Microsoft has re-released an update issued in its January 2007 patch batch to correct a glitch in the way Excel 2000 processes information.
The company announced that the “targeted re-release” was necessary to correct the bug, which occurs in the way Excel 2000 processes the phonetic information embedded in files created using Excel in the Korean, Chinese or Japanese executable mode.
“After you install [the patch], you can no longer open some files that you created by using any version of Excel,” the company warned.
The patch was shipped Jan. 9 as part of the MS07-002 bulletin that provided fixes for a total of five Microsoft Excel vulnerabilities. The update is rated “critical,” Microsofts highest severity rating.

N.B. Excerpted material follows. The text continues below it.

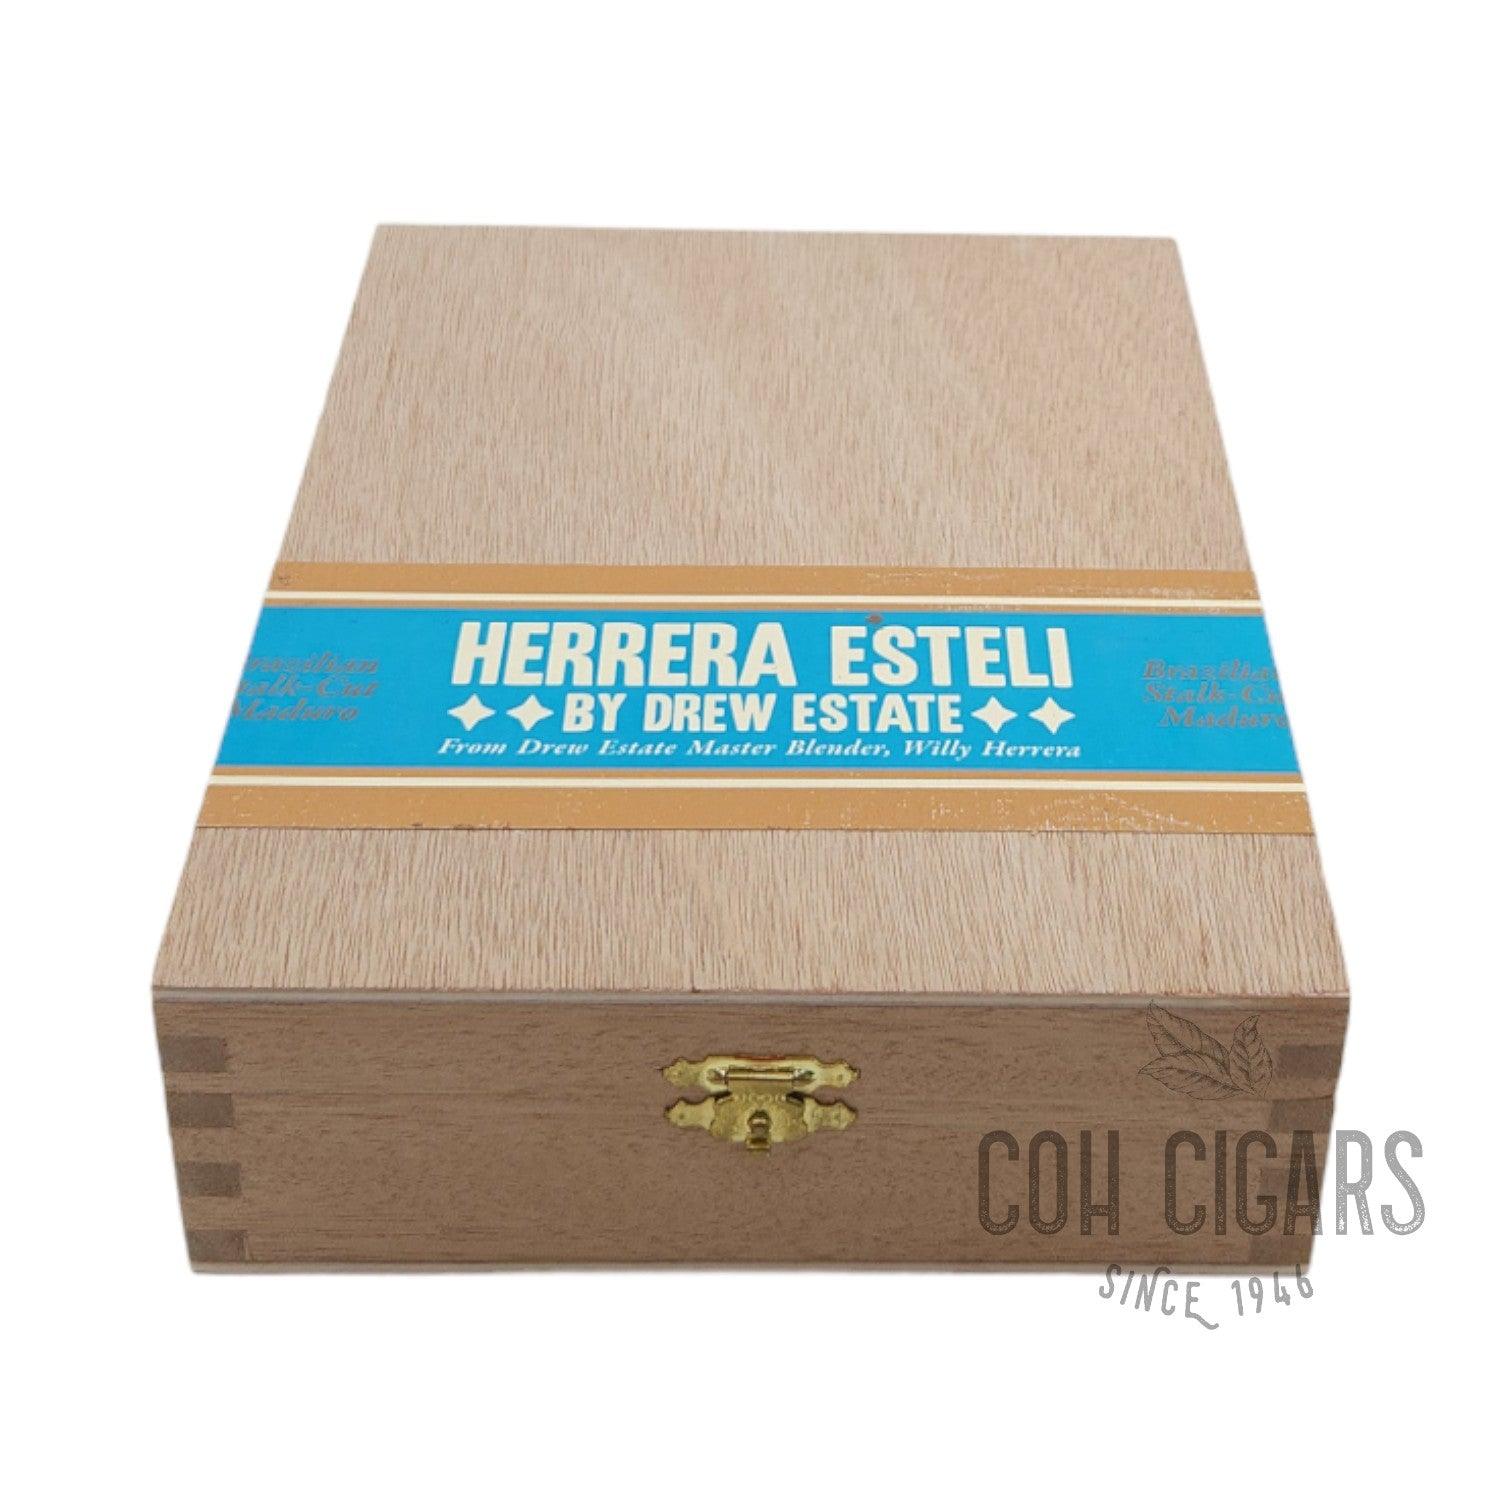 Drew Estate Cigar | Herrera Esteli Maduro Lonsdale Deluxe | Box 12 - HK CohCigars

A company spokesman stressed that the re-released patch only applies to customers running Excel 2000 and noted that the original version of the security fix “does protect against all vulnerabilities discussed in the bulletin.”
“Customers who are not running Excel 2000 do not need to take action,” the spokesperson said.
On Jan. 9, the Redmond, Wash., software maker shipped four bulletins with patches for a total of 10 vulnerabilities, most rated “critical,” but there were no updates for known—and under attack—flaws in the ubiquitous Microsoft Word software.
Microsoft originally planned to ship eight bulletins this month, but four were pulled at the eleventh hour, suggesting that there were problems with the quality of the updates. The companys security response team has officially confirmed that at least three undocumented Word vulnerabilities are being used in code-execution attacks against select targets.